Please note that bandwidth allocation has particular pricing issues, as ADDB prices are set separately from other services. Essentially, you pay for the read and write operations you reserve. At the time of this writing, you would pay $ 0.01 / hour for every 10 unit of write capacity and $ 0.01 / hour for every 50 units write capacity in the data center in US East (Virginia). Basically, pricing is similar to how prices are created for instances of computing services, in which case you request a virtual machine of a certain size (with certain capacities and RAM) and pay for this virtual machine hourly, regardless of whether you fully download it or not . Similarly in ADDB - you pay by the hour for bandwidth that you requested from Amazon, regardless of its use.
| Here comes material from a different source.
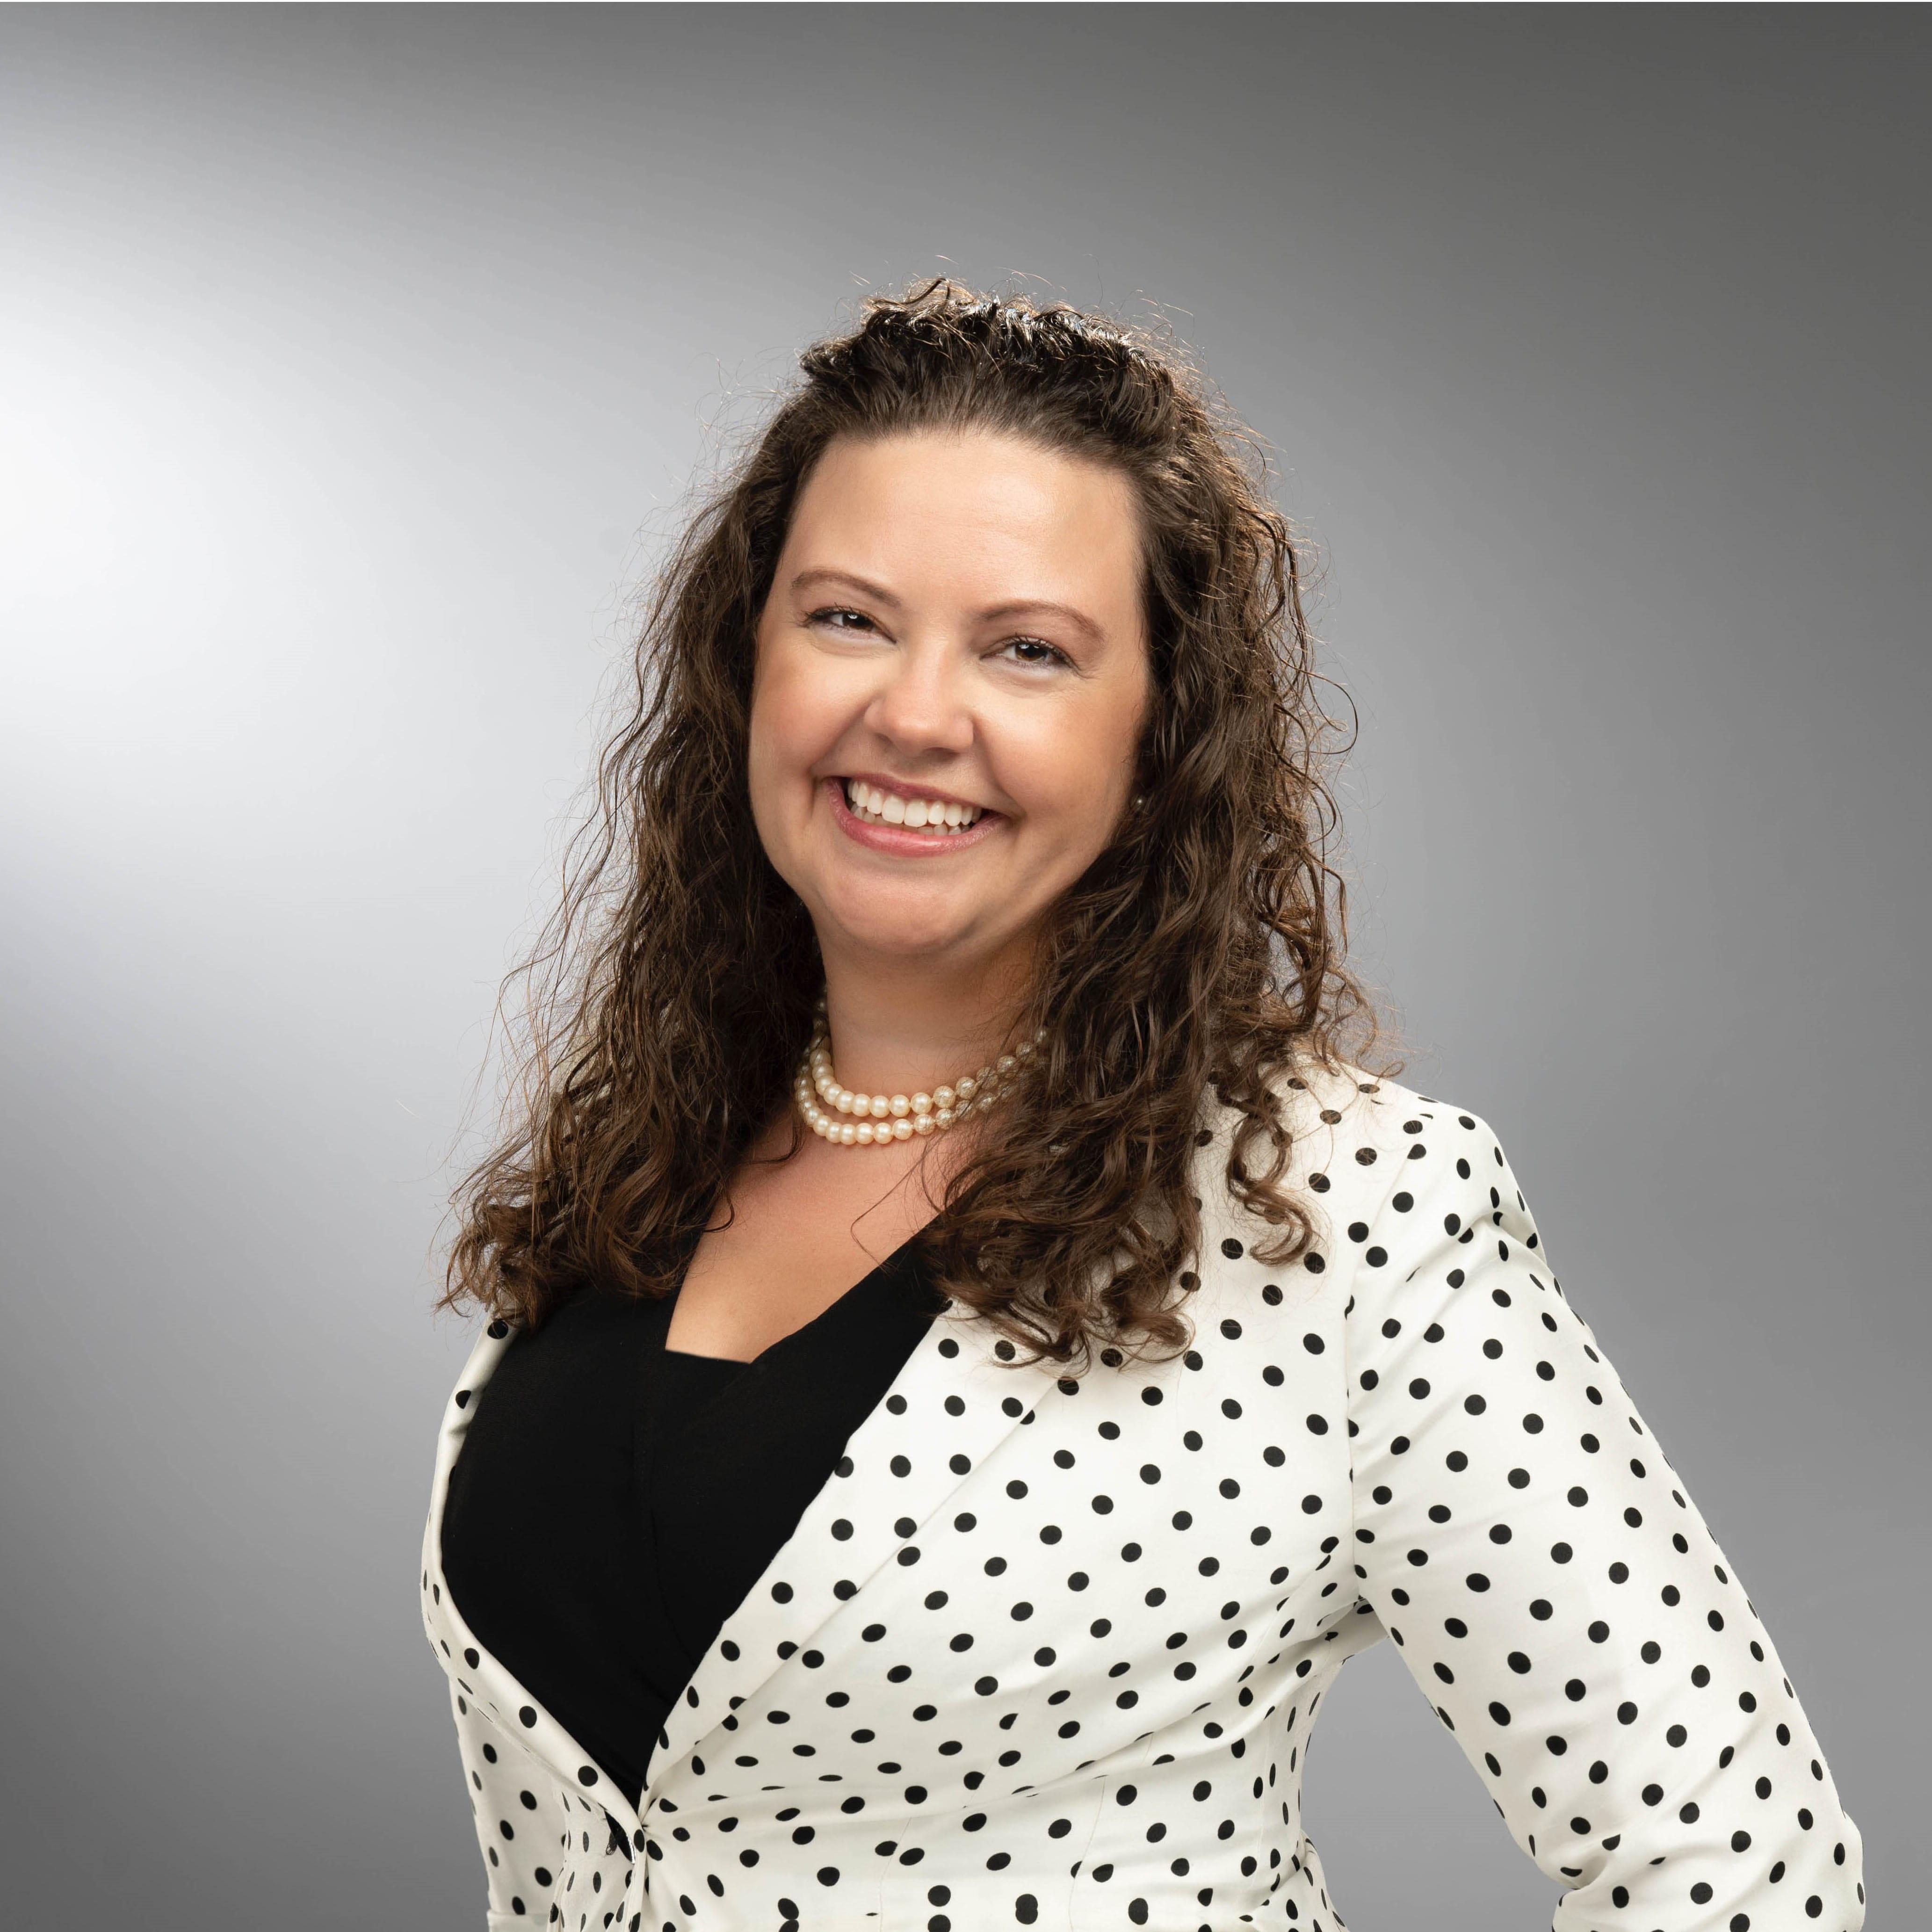 Headshot of Christina Miller

When it comes to bandwidth allocation, there are a few things to consider:
  1. This is configured for each table.
  2. The minimum bandwidth is 5 RCU and 5 WCU per table - for each table you pay at least $ 0.001 ($ 0.01 * 5/50) for read operations and $ 0.005 for consistent write operations per hour, even if you do not use this table.
  3. The increase or decrease in the allocated bandwidth should be at least 10% different from the previous value - for example, if you now have 100 read capacity units and you want to increase this value, the new value must be equal to or greater than 110.
  4. When you increase or decrease the capacity, you can double the maximum value in one request - for example, if you now have 100 read capacity units, you can increase this value to a maximum of 200.
  5. You can reduce the allocated bandwidth once a day.
  6. You can allocate a maximum of 10,000 read capacity units and 10,000 write capacity units (by default) per table. The default between all tables in an account is a maximum of 20,000 read capacity units and 20,000 write capacity units. These values ​​can be increased by writing Amazon .

Prices

Before we talk about the functionality provided by each of the systems, let's look at pricing. In both systems there are no “capital” costs. The components included in the pricing include:
  1. Transaction : In WATS, you pay for the number of transactions and their cost is fixed ($ 0.01 for 10,000 transactions). Thus, it turns out that to calculate the final price, it is necessary to multiply the number of transactions by their value.
  2. Bandwidth Allocation : In ADDB, you pay for bandwidth allocated at fixed prices for read and write operations. You can calculate the total price by multiplying the number of allocated RCU and WCU by the price per hour.
  3. Data Transfer : You pay for the amount of data transferred to and from the system. At the time of writing the post, both systems provide free incoming traffic. Data transferred between ADDB and Amazon EC2 within one region is free. Data transferred between ADDB and Amazon EC2 in different regions are paid according to the tariffs. In WATS only outgoing traffic is paid.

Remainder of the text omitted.